You can see that I have drawn the width of the stone as it actually is, which in this case was 5mm. The two lines which I then brought down (that long "V" down to a point) define the taper of the mount, so a shorter fatter V gives a squat mount and a longer V gives a more tapered, cone. It's helpful after you have drawn the arc, to also add the thickness of the metal you're using, onto that too, so that the final template you cut out is the whole of the shaded section  and the extra bit up to where it's marked number 4. This technique works for me every time.


Next, I sawed out the shape and made sure that edges were neat.

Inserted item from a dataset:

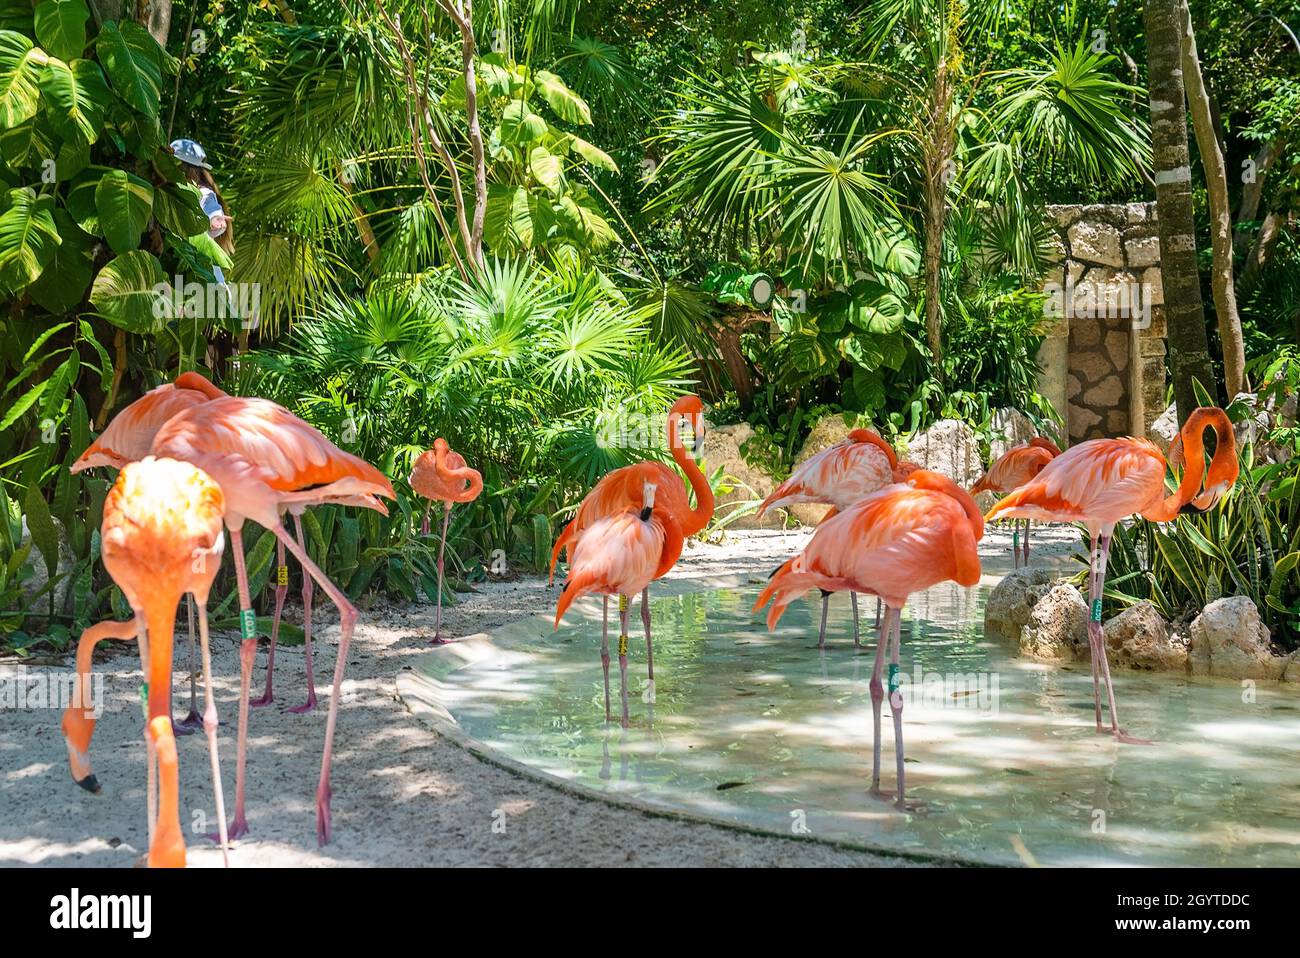 Flock of flamingos in water pond amidst trees at Xcaret eco park Stock Photo

I used my round nose pliers to bend the shape for my mount around, until the edges met perfectly. Once you have a good flush join, solder it closed with Hard solder. After pickling, you get to put your mount into the collet block and use your punch to true up the form. Which hole do you use though?....well, which one does your stone sit in nicely that leaves the table of the stone a couple of mm below the surface of the block?....choose the next size of hole up from that one.

Now make sure the stone fits the mount. You need a couple of mm proud of the stone table (the "table" is the top, flat surface of the stone). The mount is then soldered into the jewellery item, again with Hard solder.

Now you need to grind away a seat for the stone to sit on, just like we did for this mount.  Here in the above photo' you can see that I have coloured in the inside of the mount with black felt-tip pen, so that I can easily see the mark that I have scribed with my dividers which indicates where I will be cutting the seat.

 
I used both these burrs to grind out the seat. You may find that just one suits you better than the other. Because I have Carpal Tunnel syndrome in my wrists, I find this procedure quite difficult and a little painful, so I tend to grind out a little too much in my quest and for that reason, I prefer to solder a constructed seat into my settings, as in this setting. In this case, I might make another cone to a slightly smaller template and solder it inside. Then I would thin down the top edge of the outer cone, so that it is thin enough to rub over, but for the purpose of this tutorial, I will carry on cutting!....


Further shaping was achieved by using a medium sized, fine flat file, to take the height of the mount down until it is lower than the table but above the girdle (the "girdle" is the widest edge of the stone) so that I have enough metal to rub over. You can see here that the edge of the mount is now nice and thin from having the seat ground down. At this stage in the photo, I still have to take the height down a bit, as there is too much metal to push over.

You can see the ring is now held firmly in the Ring Clamp and I am pushing the edge over from opposite points with my pusher, bit by bit until the edge is snug against the stone all around. Only then do I push any visible lip down against the stone in a downwards push, before finally rubbing around in one direction with my burnisher....just as we did at the end for this setting. 

In case you're not sure, this gizmo above, is a ring clamp and makes holding rings while you set stones a much easier job than simply holding the ring with your hand.

So here is the mount after pushing, but before burnishing and below you can see the mount after burnishing.


Job done. Do remember that this is just one way of making this mount, there are variations. Every jeweller has a different way of doing it and has tips to share...good luck!